Mon Dec 4th through Sat the 9th, 2017 at Long Beach Convention Center
I think overall the idea maybe nice but it is rather unclear why this should work. I think the paper is rather preliminary both in understanding its own idea and putting it into literature and math context. Moreover the experiments show that something is learned but not whether it is the thing promised. There are some interesting similarities to hmms mrfs and mixture of experts. All of them have at least some convergence proofs etc. the new idea not. It is unclear whether ultimately the right structure or one closeby or very far off is inferred...
In that sense the experiments are only a first step to convincing me.
This paper introduces a neural architecture for sequential tasks where connections between stacked modules are learned during the model training.

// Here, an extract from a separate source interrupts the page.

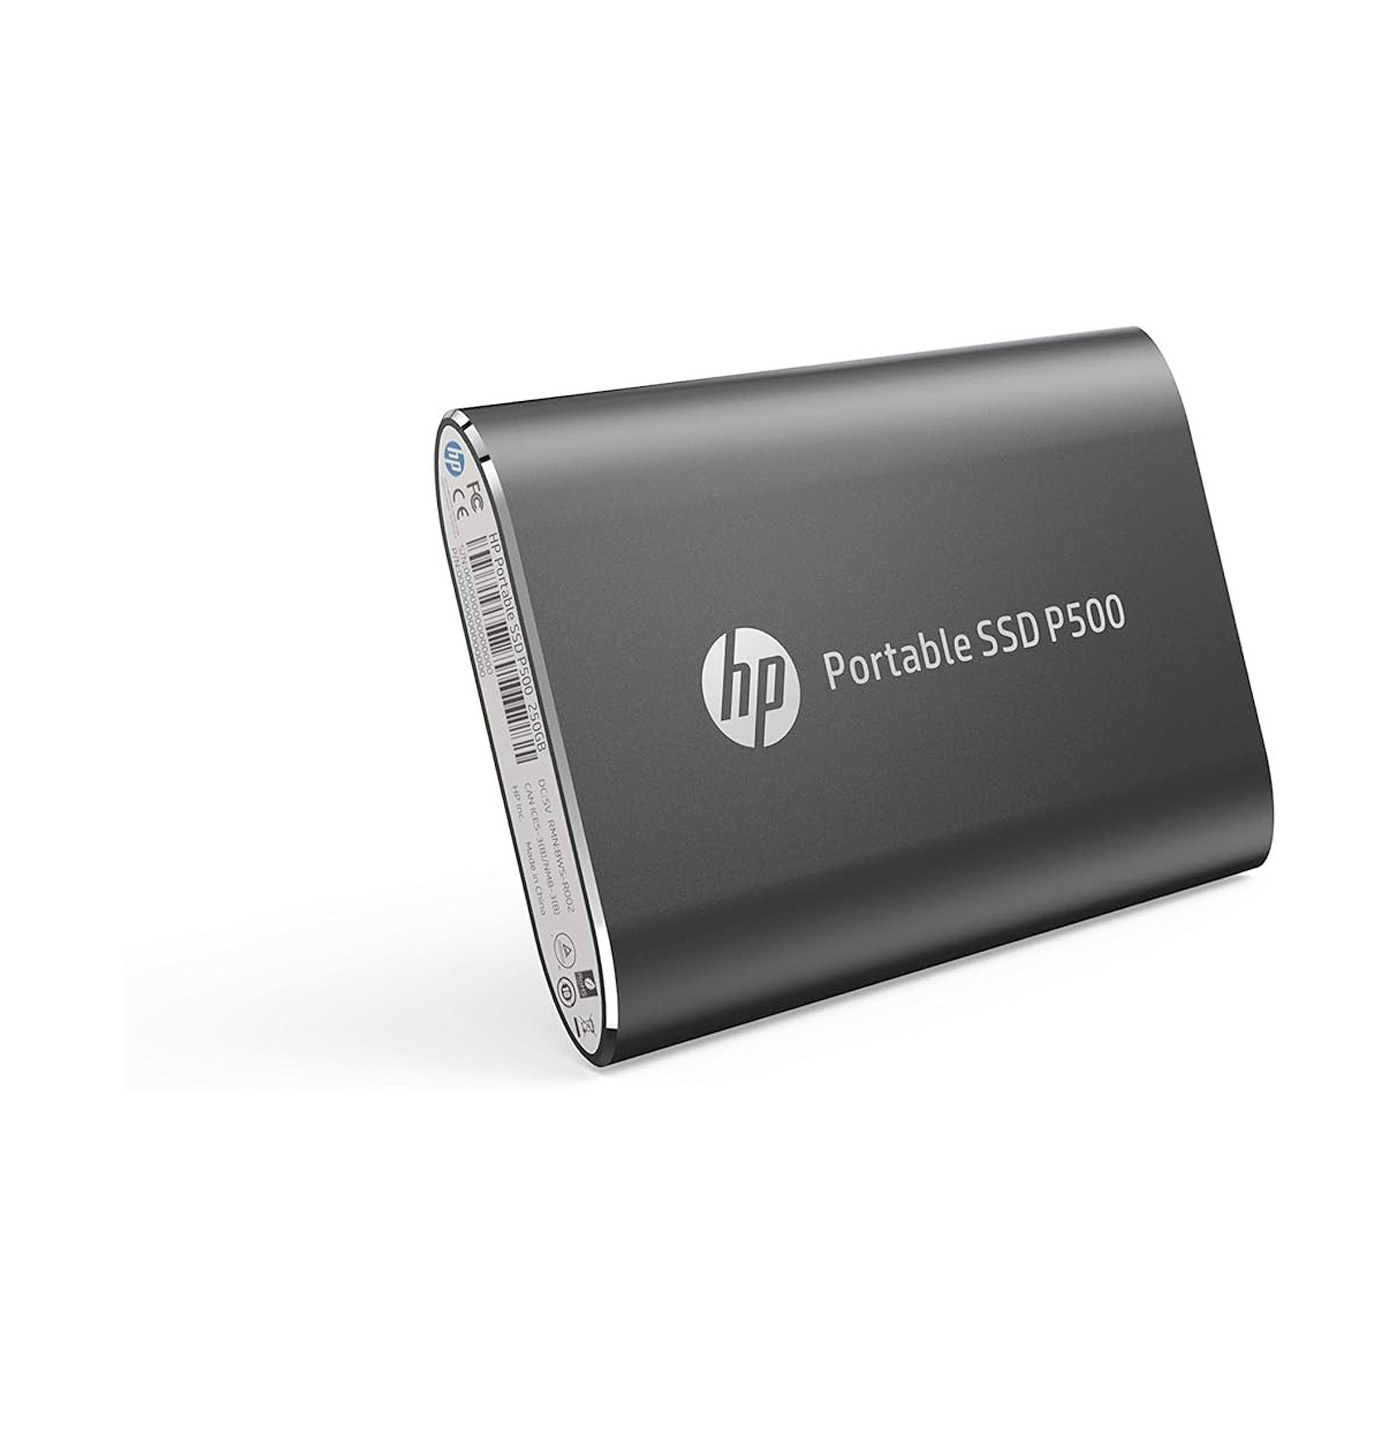 HP P500 Portable Type C 250GB

The approach presented can contribute to the import goal of learning model architectures from the data. The examples presented show convincingly that indeed non-trivial connectivity patterns can be learned.
The rebuttal has addressed my concerns very well. I would upgrade my score from 6 to 7.
This paper proposes a new gated recurrent model, which employs a routing center to summarize the information from multi modules around it in each time step. The model is expected to learn to route information flow hierarchically.
The paper is not written very clearly.
The idea is novel.
1. The idea inspired by the thalamus is novel.
1. The experiments on image datasets (MNIST and CIFAR) are not not convincing. Why not try the real-world sequence (time series) data set?
2. How about the comparison with the LSTM? LSTM also has a cell which somewhat serves like a routing center between different time steps.
3. In the experiment on MNIST (section 3.1), how many modules are used in the model in each time step? It seems there is only one module and cannot demonstrate the effectiveness of routing center.
The paper introduces a modular architecture that has a central routing module and other in/out modules, akin to the role of thalamus/neocortex regions in the brain. Initial experiments show promises.
I like the idea of the paper, which was nicely written. Some module details are missing (the read function r, merging function m and the module function f), possibly because the space limitation, but it would be very useful to have in a supplement.
The main cons are (i) the experiments are not super-strong; (ii) the search for the best module/routing functions is quite preliminary. However I believe that the direction is fruitful and worth exploring further.
In related work, there is a contemporary architecture with similar intention (although the specific targets were different, i.e., multi-X learning, where X = instance, view, task, label): "On Size Fit Many: Column Bundle for Multi-X Learning", Trang Pham, Truyen Tran, Svetha Venkatesh. arXiv preprint arXiv: 1702.07021.